Harry Aujla: Yeah. So what DataKeeper Cluster Edition provided was that high performance synchronous data replication that Lifehouse were looking for, what they needed. So by using real time block-level replication, or block-level mirroring between the local storage attached to the active and the standby instances of the cluster, the solution overcame the performance issues that they were previously experiencing. And the resulting SANless cluster, shall we call it, is compatible with Windows Server Failover Clustering.
It supplies continuous monitoring for detecting failures, both at the application level and at the database level. And it also offers configurable policies for failing over and failing back. And where they were sort of pleasantly surprised with the solution was by how easy it was to implement and operate. So the DataKeeper interface is very much like using the Failover Cluster Manager interface. So if you are familiar with administrating failover clusters, you are in very familiar territory when you are working with the DataKeeper Cluster Edition interface.
Swapnil Bhartiya: Excellent. When we look at all these use cases and these examples, and the best thing is that there’s always something to learn from them. As you try to solve a problem, there is lesson to be learned, which helps with the next customer, all the same customers as well. So can you talk about what lessons we can learn from these examples, which are two different industries, and what are the key takeaways here?
Harry Aujla: Yeah. That’s a great question. And thinking about some of the examples we’ve just discussed there, I think firstly, what I would say is, pay very close attention to some of the high availability SLAs that are being offered by the cloud vendors. Keep in mind that their SLAs are only related to the underlying cloud architecture, such as the VM instances, their storage, the underlying physical architecture. And depending upon the type of service that you’re consuming from the cloud vendor, the SLA of the applications and databases running within the instances, it’s actually your responsibility as the customer, not the cloud vendor. So if you’ve got a highly critical app or database that you need to protect in the cloud, you may also need to consider an application level availability solution that will supplement the SLAs that the cloud vendor is delivering at an infrastructure level.

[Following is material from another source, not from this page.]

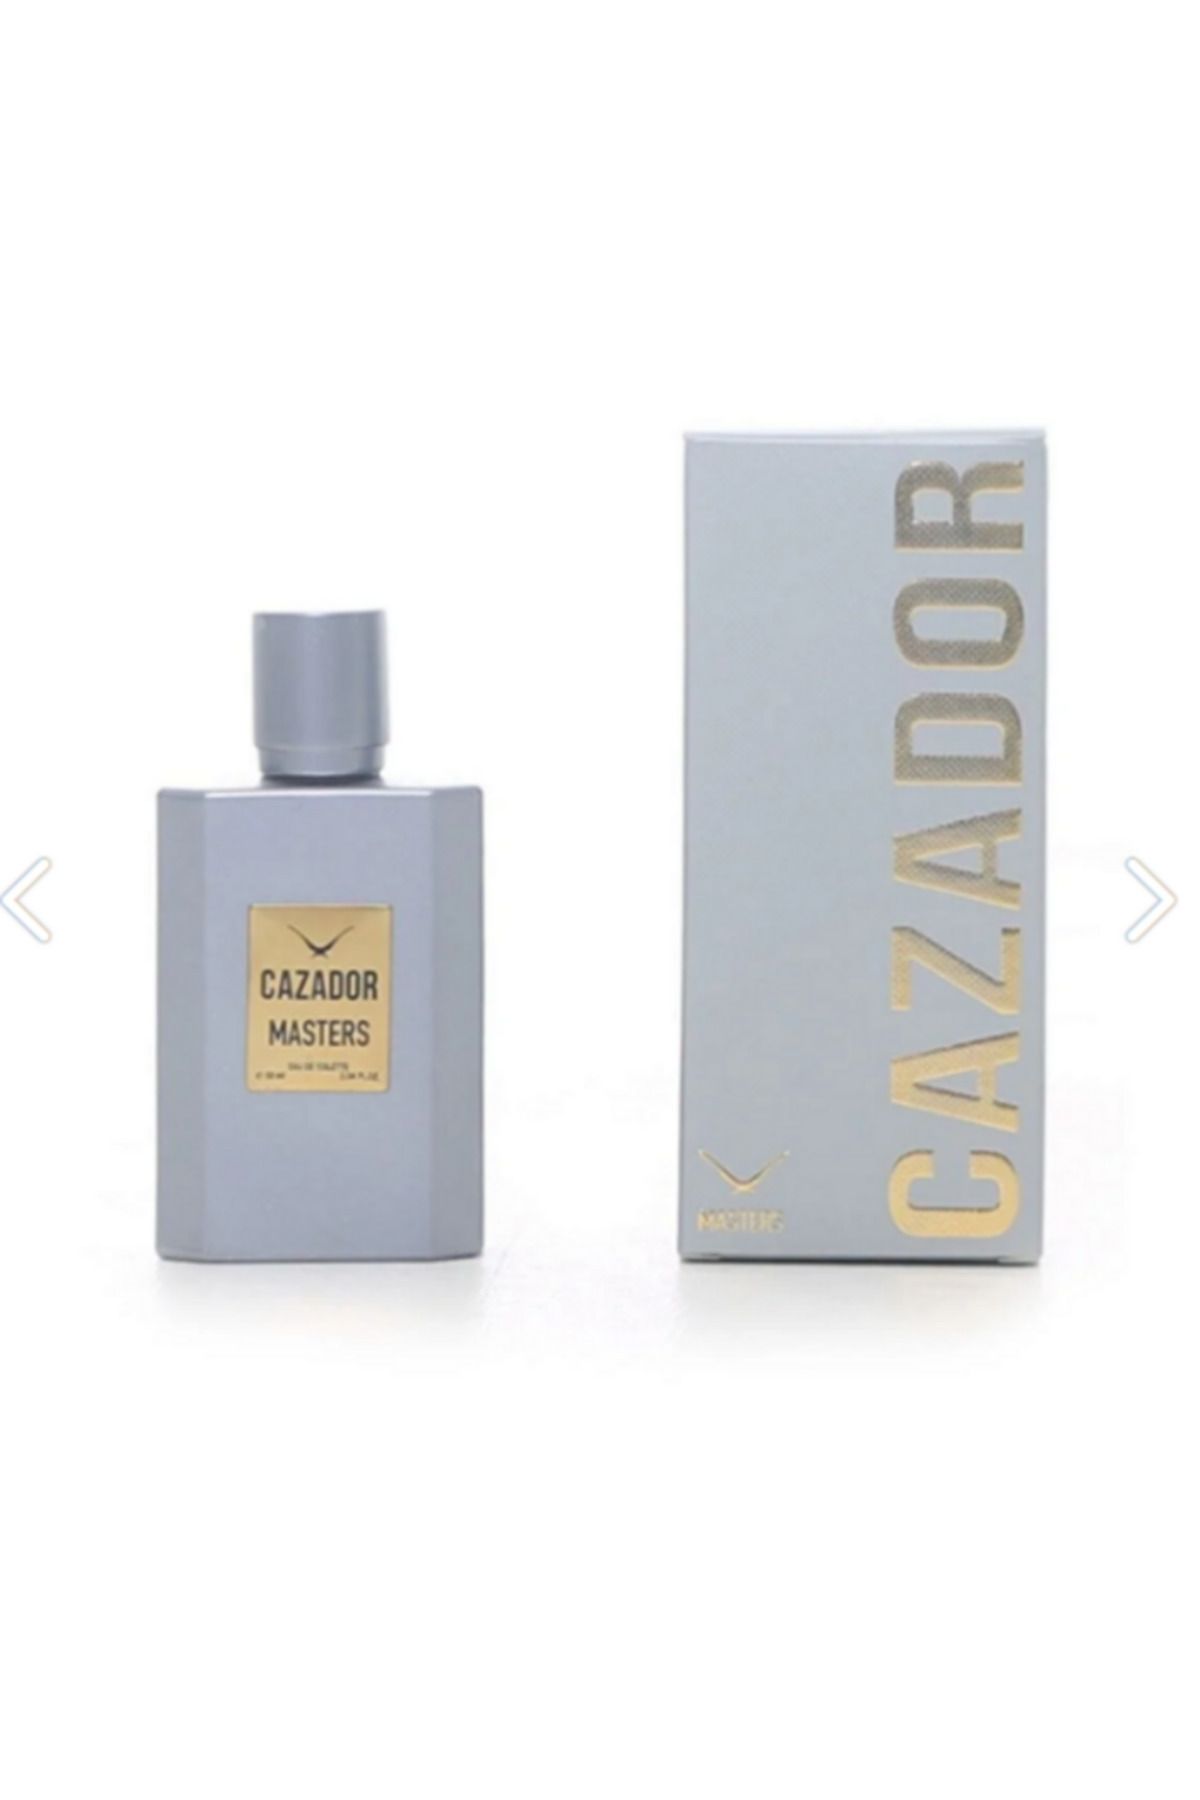 Cazador Caz 9560 Masters Parfum

The other thing I think I would say is, try to adopt a high availability strategy that can adapt and grow as and when your IT environment evolves as well. So in other words, avoid falling into the trap of using high availability solutions that are designed for specific operating systems, applications, or database. Otherwise, you might find yourself managing different availability solutions in a mixed IT landscape. So in other words, try to remain as agnostic as possible for your availability needs, and that will be very beneficial for you.
And then the last point I think I would consider is, you’d also want to ensure that your choice of availability technology, and the way it’s architected and the way it’s deployed, doesn’t ultimately add an adverse impact to the performance of the application or the database that will try and protect. If you recall, that’s what the team at Lifehouse experience. Yeah, it’s all very well having a highly redundant application and database architecture, but you don’t want to deliver that at the cost of a painfully slow service. So it’s key to find that balance between high availability and application performance, which in most cases can only truly be established through testing or proof of concept exercises.
Swapnil Bhartiya: Harry, once again, thank you so much for joining me today and sharing these insights. And as usual, I would love to have you back on the show. Thank you.
Harry Aujla: Great. Thank you as well.